According to this embodiment, the dielectric insulating layer 105 is made of silicon oxide or silicon nitride.

The supporting hub in this embodiment is of laminated structure, but it may be of single-layer structure in other embodiments. The supporting hub is cylindrical in shape.

According to this embodiment, the supporting ring 150 may be of laminated or single-layer structure. When the supporting ring 150 is of laminated structure, the supporting ring 150 comprises a first metallic layer 1501 and a first insulating layer 1701. The first metallic layer 1501 is made of tungsten, and the first insulating layer 1701 is made of silicon oxide or silicon nitride.

According to this embodiment, the suspending arms comprise an insulating layer which is fixed on the first insulating layer 1701 of the supporting ring 150.

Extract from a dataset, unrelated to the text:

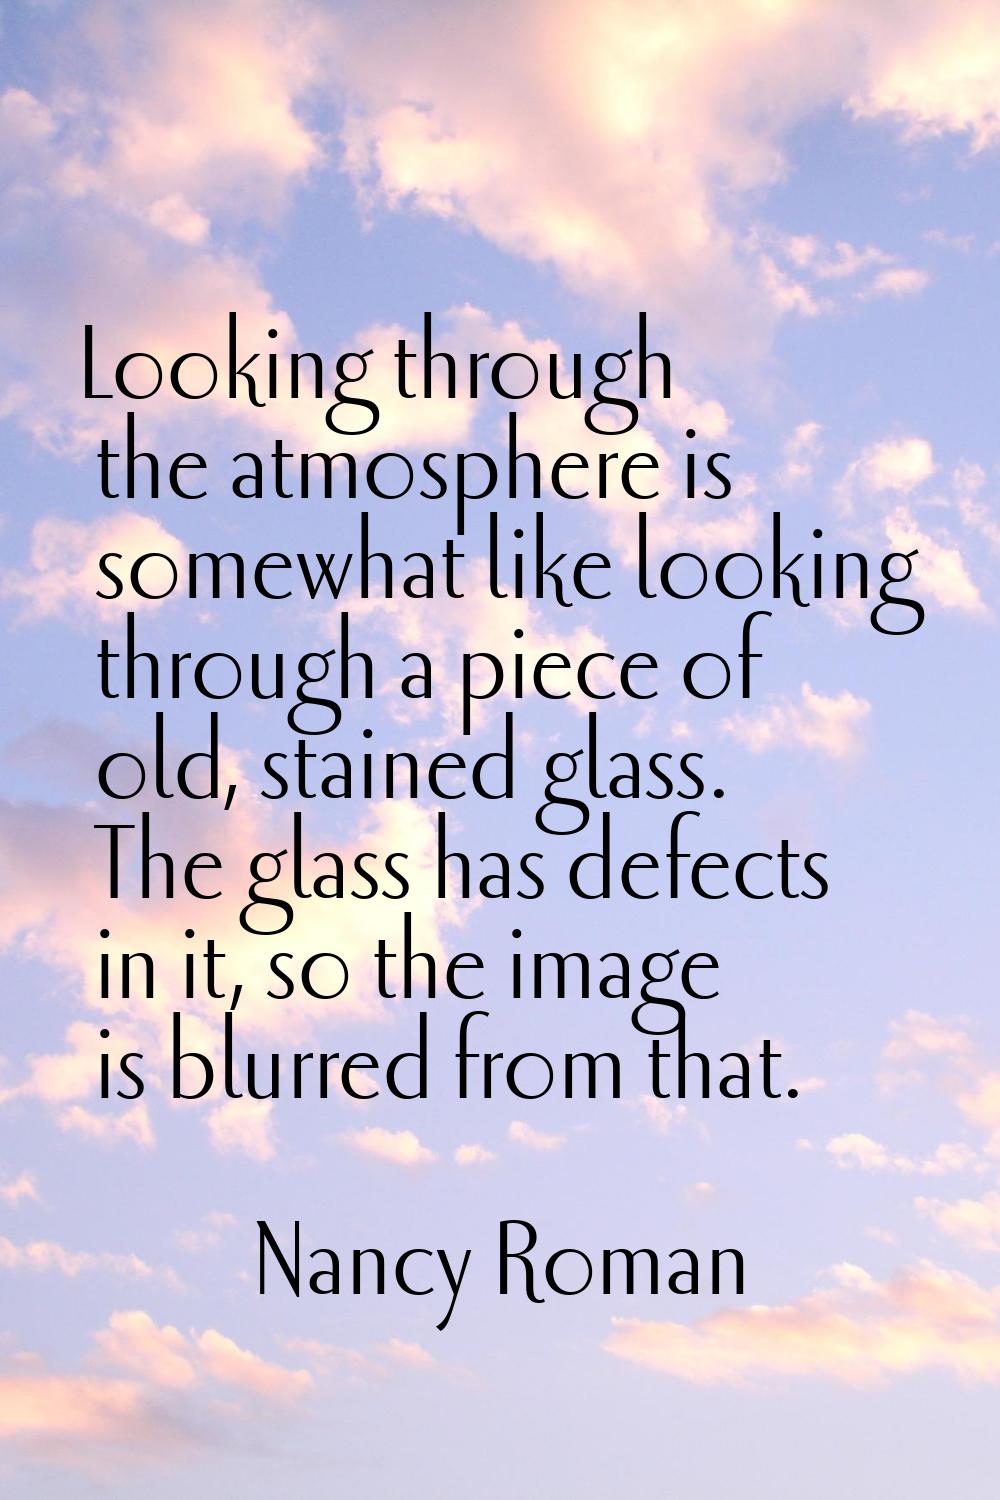 Looking through the atmosphere is somewhat like looking through a piece of old, stained glass. The 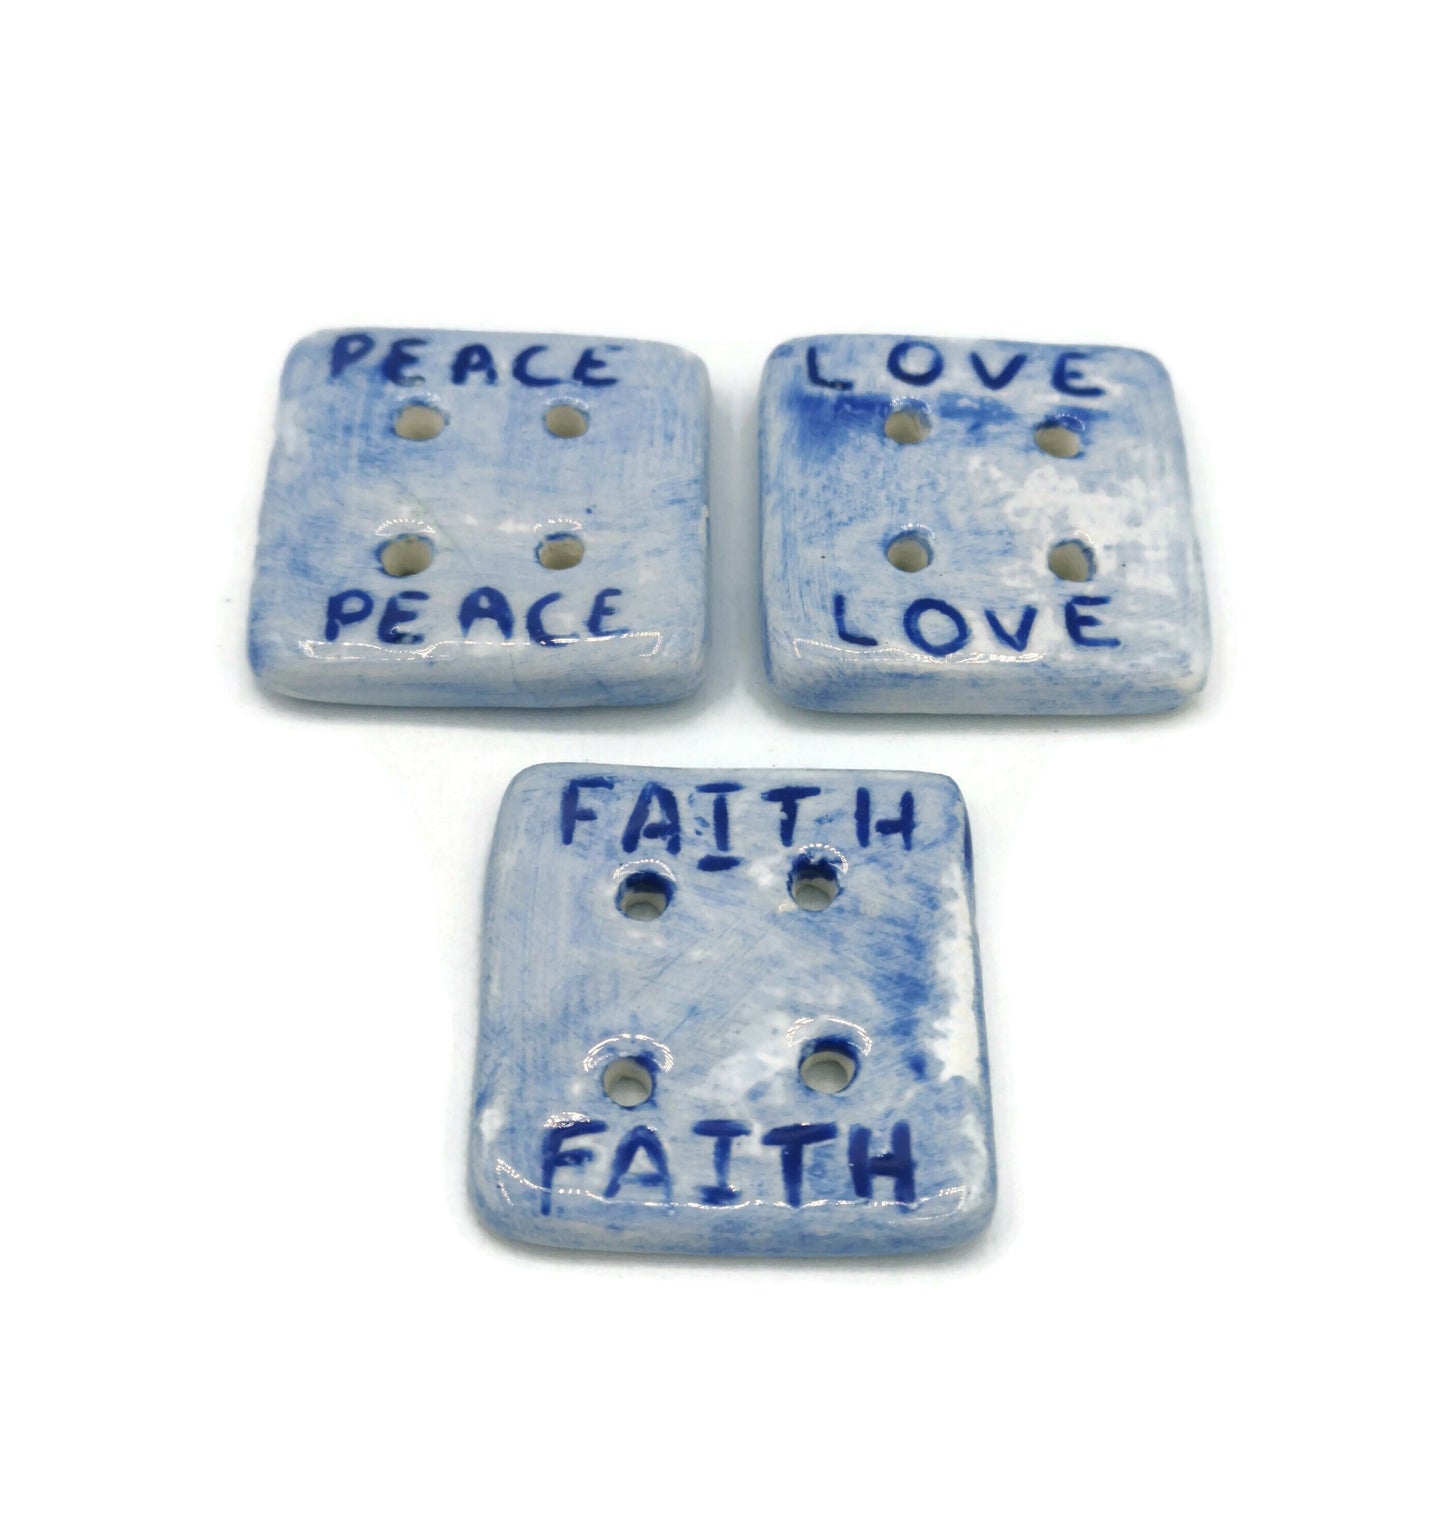 3Pc Extra Large Square Blue Ceramic Sewing Buttons Lot, Novelty Decorative Positive Words Sewing Supplies And Notions, Cute Gifts For Her - Ceramica Ana Rafael

According to this embodiment, the ring-typed planar inertia 170 comprises a weighting layer 1702 and the first insulating layer 1701 which is at the top of the weighting layer 1702. The weighting layer 1702 could be a continuous ring or independent parts distributed on the ring of the first insulating layer 1701. The depth of the weighting layer 1702 could be 1 μm-3 μm, and the width along the radial direction could be 0.3 μm-2 μm. The width of the weighting layer 1702 could larger or smaller than the width of the first insulating layer 1701. The weighting layer 1702 could be made of the same material with the conductive plugs 200, and be manufactured in one process, thereby raising manufacture efficiency. Specifically, they could be made of any one or combination of tungsten, other metallic materials and non-metallic materials. Because of the weighting layer 1702 in the planar inertia 170, the inertia is increased, and the accuracy is improved. However, if the quality of the planar inertia is excessively large, the supporting ring and the suspending arms could be fractured. Preferably, the depth of the weighting layer 1702 is 1 μm-3 μm, and the width along the radial direction is 0.3 μm-2 μm. The supporting ring could be of laminated structure. The upper layer could be made of insulating materials, and the lower layer could be made of the same material with the weighting layer 1702. The width of the lower layer is 0.5 μm-10 μm, and the depth is 0.5 μm-20 μm. The width of the upper layer is 1 μm-10 μm, and the depth is 0.1 μm-3 μm. The suspending arms are made of silicon oxide or silicon nitride. The width of the suspending arms could be 1 μm-10 μm, and the depth is 0.1 μm-2 μm.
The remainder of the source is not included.